While the world is struggling under the weight of responding to the COVID-19 outbreak, it remains important not to be distracted from issues that were playing out before the pandemic took hold.
One of these is the safety and basic human rights of protesters in Hong Kong. It is safe to assume that Beijing has been preparing for the resumption of the protests when the pandemic recedes.
Several recently published reports serve as a reminder of the lingering dangers — social, political and economic — Hong Kong faces while the world is distracted. The anti-extradition protests hit the economy, but the damage to Hong Kong’s reputation as a business hub goes deeper.
The Heritage Foundation’s Index of Economic Freedom measures the freedom of trade, business, investment and property rights of countries worldwide. Hong Kong’s economy was ranked the freest in the 25 years from 1995 to last year. In this year’s ranking it slipped to second place, ceding the top slot to Singapore. It is not that Singapore scored higher this year: Hong Kong’s slide is due to a 10-point drop in its investment freedom rating.
According to the foundation’s analysis, investment flows have been dampened because the territory’s reputation as a business hub has been eroded by the ongoing political and social turmoil, of which the anti-extradition protests — which have evolved into a call for wider democratic reforms — are only the most recent, and most serious, manifestation.

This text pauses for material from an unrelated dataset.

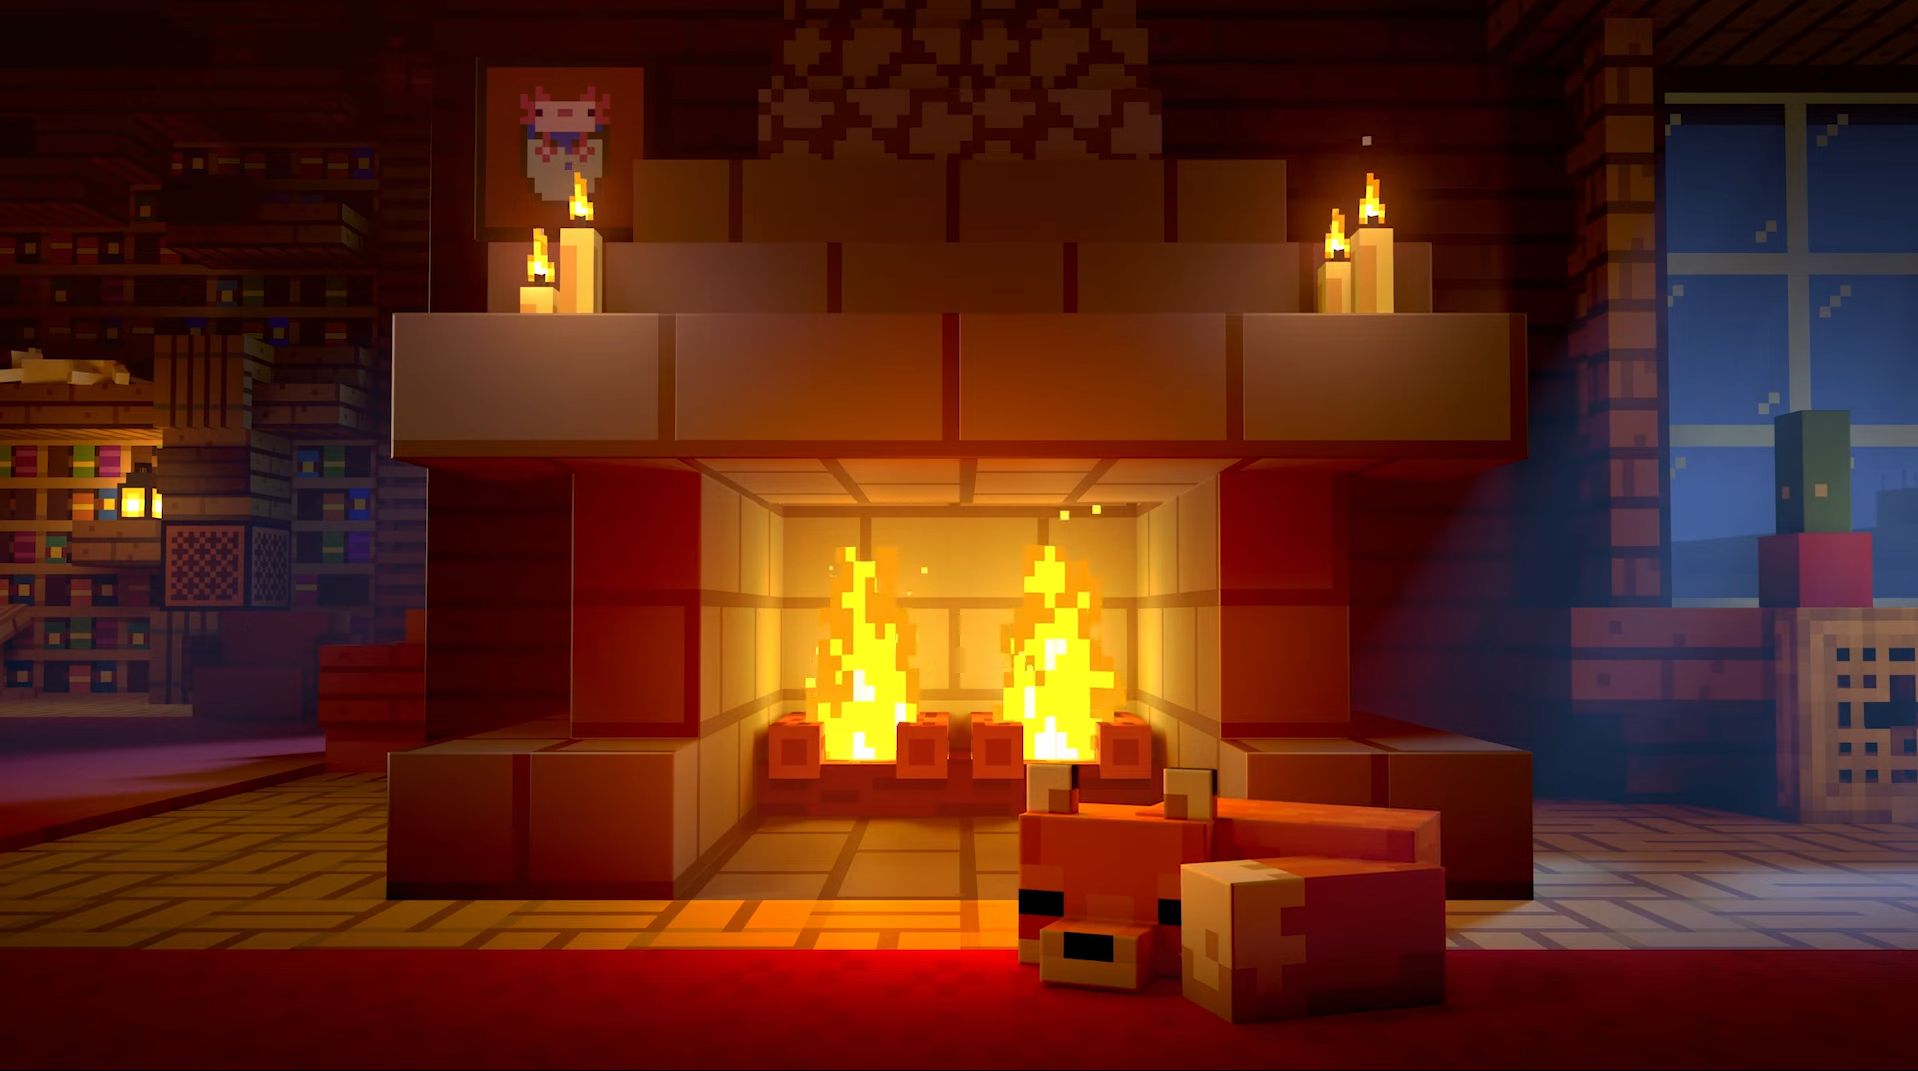 A fox curled up by a fireplace in a warm house in Minecraft.
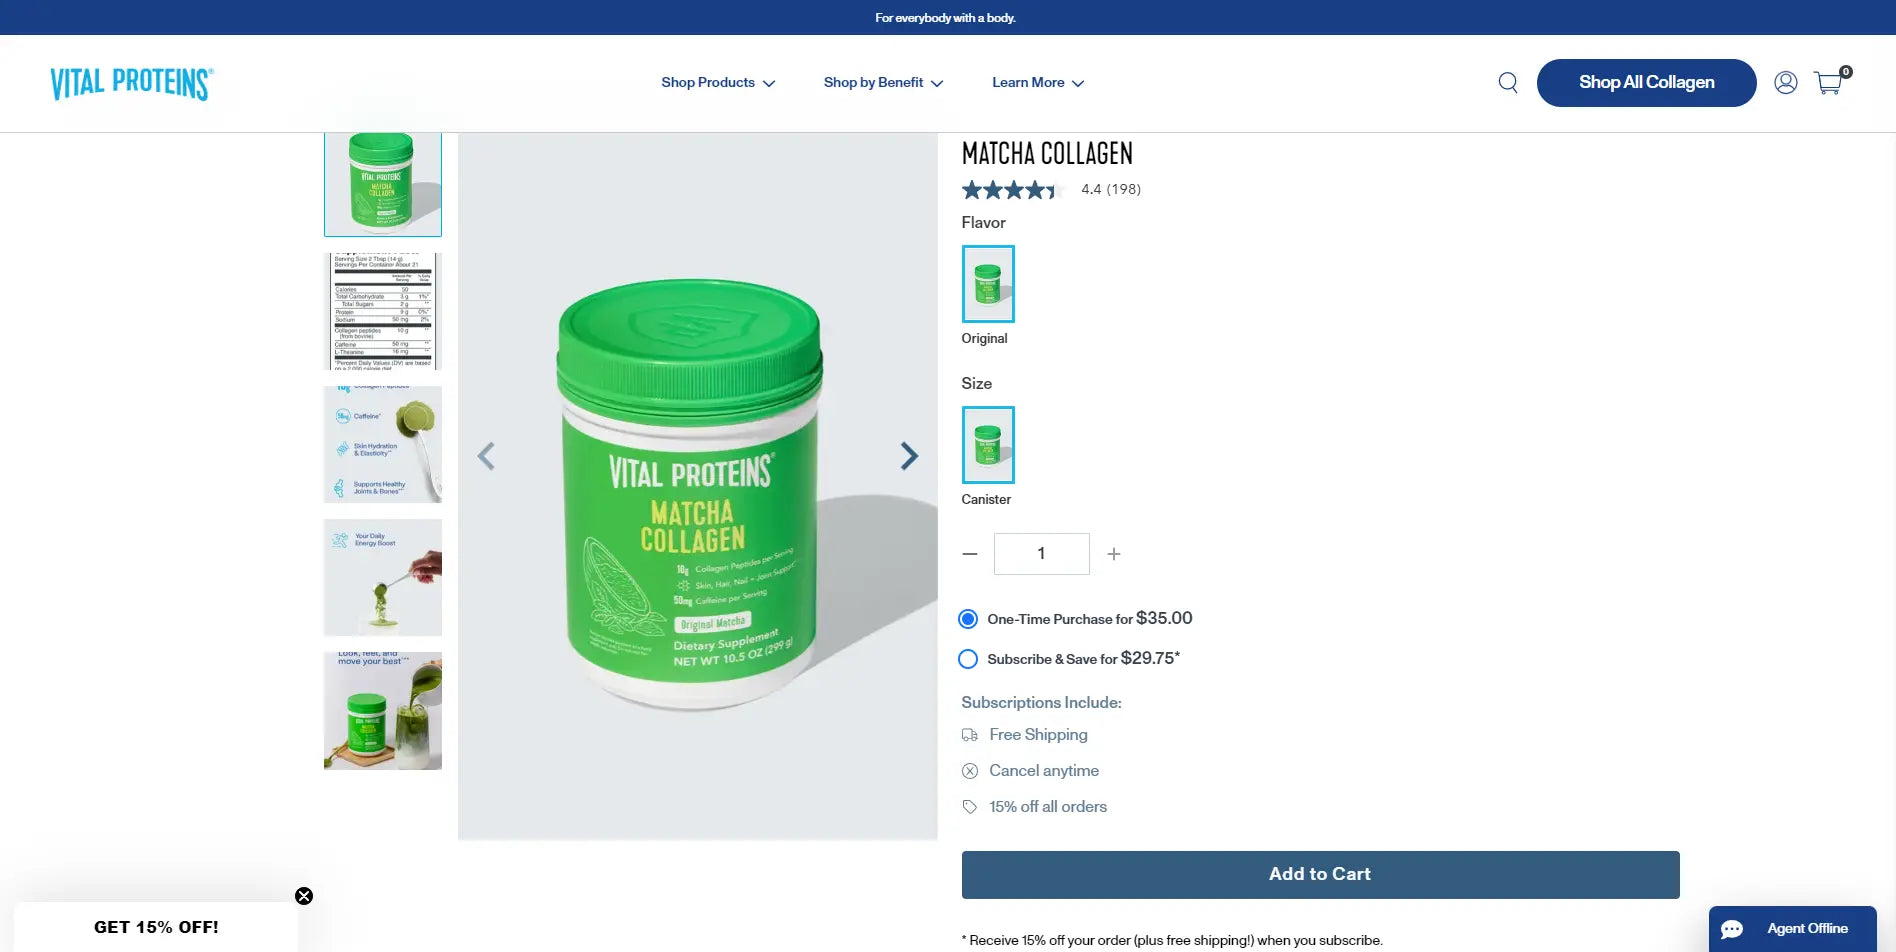 Vital Proteins’s product page

The report also said that Hong Kong fell into recession last year because of the increasing integration of its traditionally open, market-driven economy with China through trade, tourism and financial links.
Hong Kong’s long-standing image as the freest economy in the world is being tarnished by its integration into the Chinese economy, with concerns over the effect of this on its open, rules-based, just system, and the political and social turmoil caused by Hong Kongers’ response to Beijing’s accelerated pace of this integration under Chinese President Xi Jinping (習近平).

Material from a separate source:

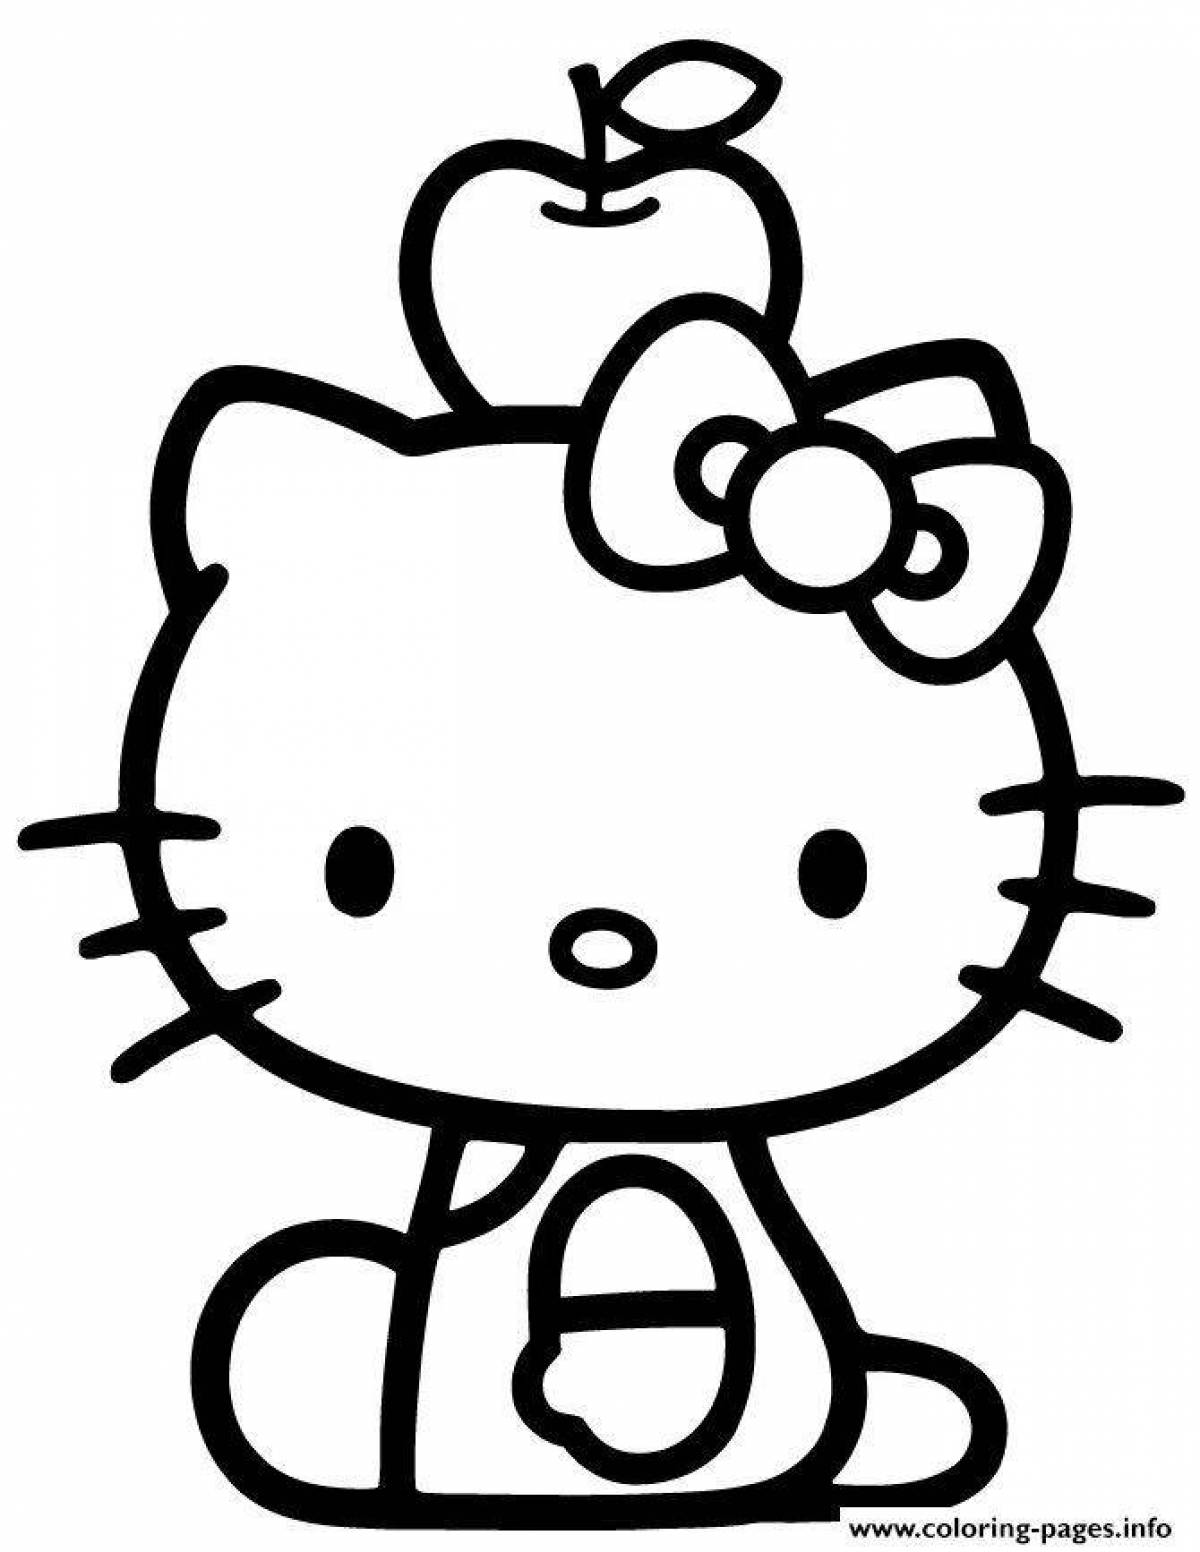 Exciting hello kitty sticker coloring page

As a harbinger of the coming storm, Reuters yesterday reported that credible sources, including a legislator and a foreign diplomat, had revealed that officers from the People’s Armed Police (PAP), China’s top internal security force, had joined Hong Kong police to monitor the protests last year. The diplomat and other foreign envoys also estimated that there are now 4,000 PAP personnel in Hong Kong.
In addition to the legal implications of this, which are further evidence of the erosion of rule of law in the territory, observers are concerned that the PAP could be involved in a crackdown if the protests resume, the report said.

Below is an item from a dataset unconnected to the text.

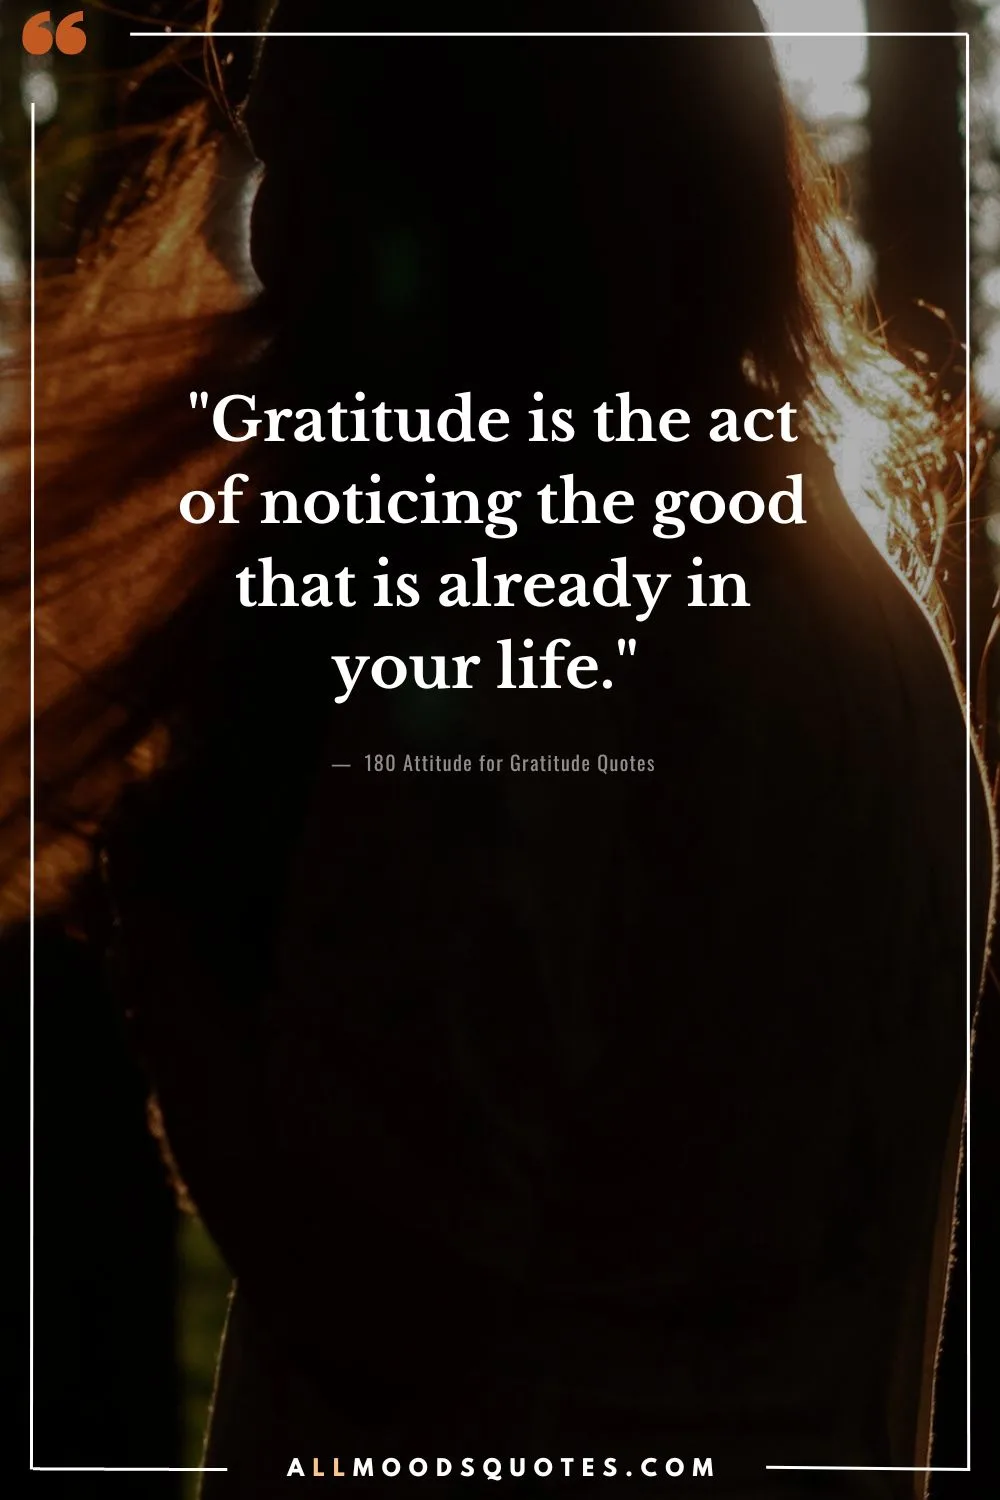 "Gratitude is the act of noticing the good that is already in your life." - Melody Beattie

Its involvement would be met with the condemnation of the international community, but even if it does not get involved, Hong Kong police are expected to take a stronger stance regarding the next wave of protests. From what has been observed of the protesters’ resolve, this would only escalate tensions.
In addition to the implications concerning the safety of Hong Kongers, expectation alone would do little to improve investor confidence in the territory.
The current lull in the protests might have given the false impression that the worst is over, and that the territory can return to its first-place ranking in next year’s index. It is not, and likely will not.
The protests are largely expected to resume later this year, when the epidemic is deemed under control and prior to legislative elections in September.
While Beijing and Hong Kong authorities are formulating their plans, it is important for the international community, as well as the government — and the opposition — here in Taiwan to make clear that they are watching, and that a violent crackdown would not be tolerated.